Reproduce the listing that follows, unchanged and complete.

Provided material:
----------

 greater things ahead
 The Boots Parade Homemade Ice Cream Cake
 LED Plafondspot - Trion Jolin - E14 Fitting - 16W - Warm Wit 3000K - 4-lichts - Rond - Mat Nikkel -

----------

Written solution:
 greater things ahead
 The Boots Parade Homemade Ice Cream Cake
 LED Plafondspot - Trion Jolin - E14 Fitting - 16W - Warm Wit 3000K - 4-lichts - Rond - Mat Nikkel -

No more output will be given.